Nieuw Archief voor Wiskunde
- Discipline: Mathematics
- Language: Dutch

Publication details
- History: 1875-present
- Publisher: Centrum Wiskunde & Informatica (The Netherlands)
- Frequency: Quarterly

Standard abbreviations
- ISO 4: Nieuw Arch. Wiskd.

Indexing
- ISSN: 0028-9825
- LCCN: 88647611
- OCLC no.: 1313690209

Links
- Journal homepage; Online archive;

= Nieuw Archief voor Wiskunde =

The Nieuw Archief voor Wiskunde (English translated title: New Archive for Mathematics) is a quarterly Dutch peer-reviewed scientific journal of mathematics published by the Koninklijk Wiskundig Genootschap (Royal Mathematical Society) since 1875. The new version, the fifth series, started in 2000. The journal covers developments in mathematics in general and in Dutch mathematics in particular.
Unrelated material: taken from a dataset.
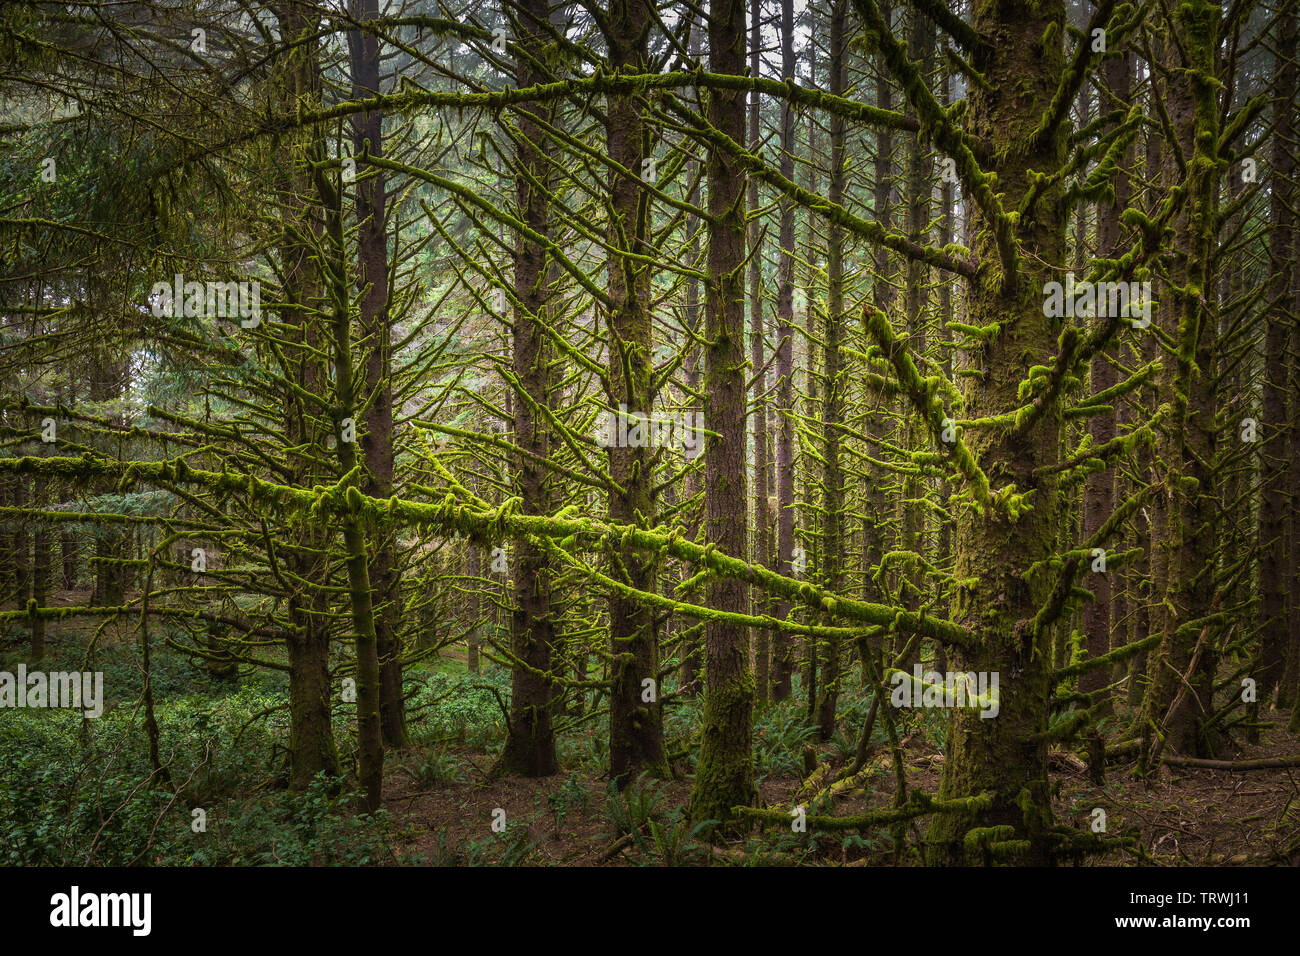 Los árboles en el Cabo Sebastian Estado Corredor escénico, un parque estatal en el estado norteamericano de Oregon, administrado por el Departamento de Parques y Recreación de Oregon. Foto de stock
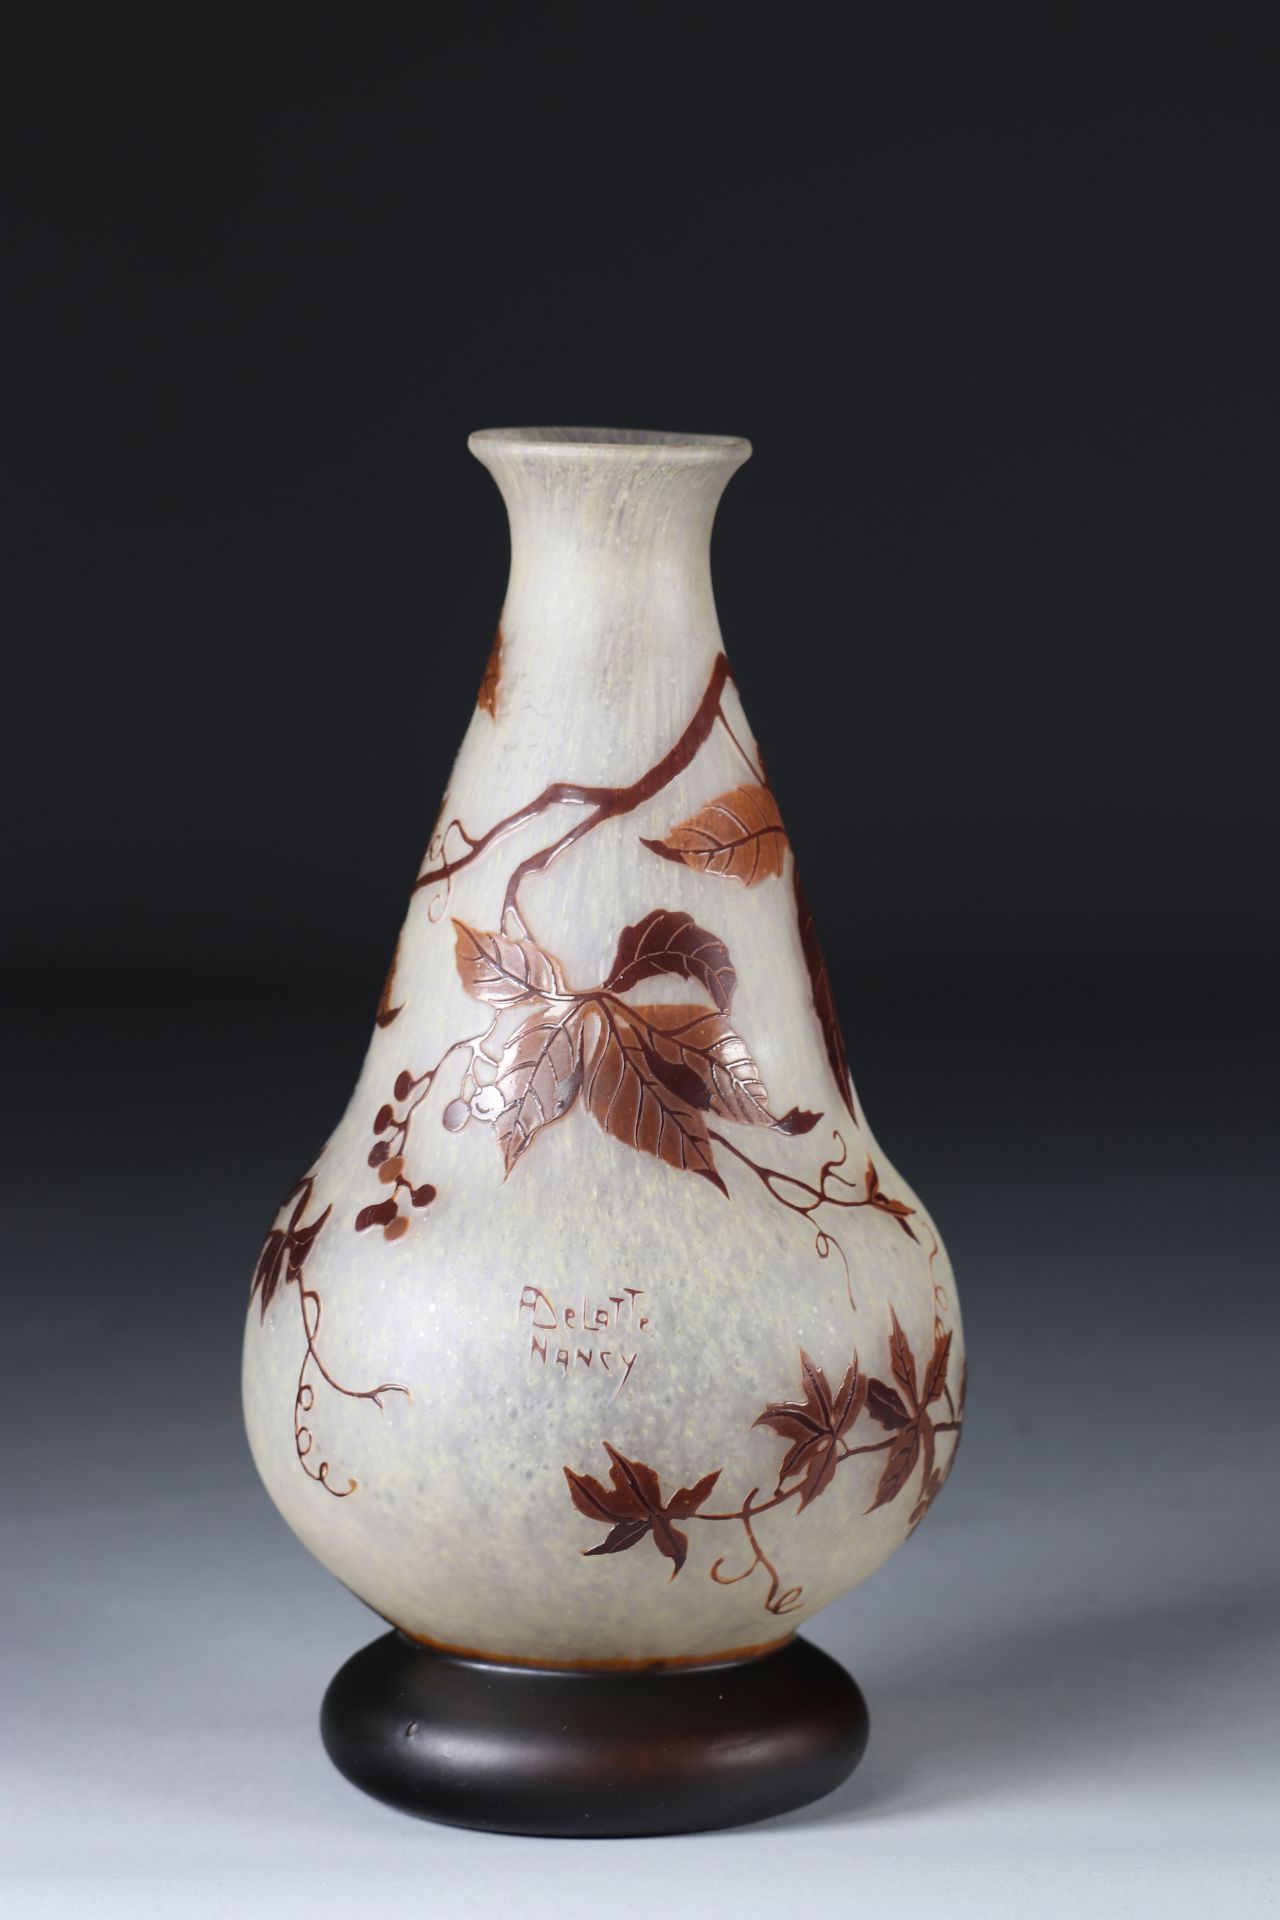 Andre Delatte etched glass vase in floral design cameo - Image 3 of 3

It is abstracted and indexed in zbMATH Open.
==History==

The previous version, with the full title Nieuw Archief voor Wiskunde uitgegeven door het Wiskundig Genootschap had four series between 1875 up to 1999: Eerste reeks (First Series, 1875-1893, 20 volumes), Tweede reeks (Second series, 1895-1949, 23 volumes), Derde reeks (Third series, 1953-1982, 30 volumes), and Vierde reeks (Fourth series, 1983-1999, 17 volumes). Initially, the publishing company was Weytingh & Brave in Amsterdam.

==Predecessor journal==
In the years 1856-1874, the Wiskundig Genootschap (Mathematical Society) published three volumes of Archief, uitgegeven door het Wiskundig Genootschap with Weytingh & Brave in Amsterdam.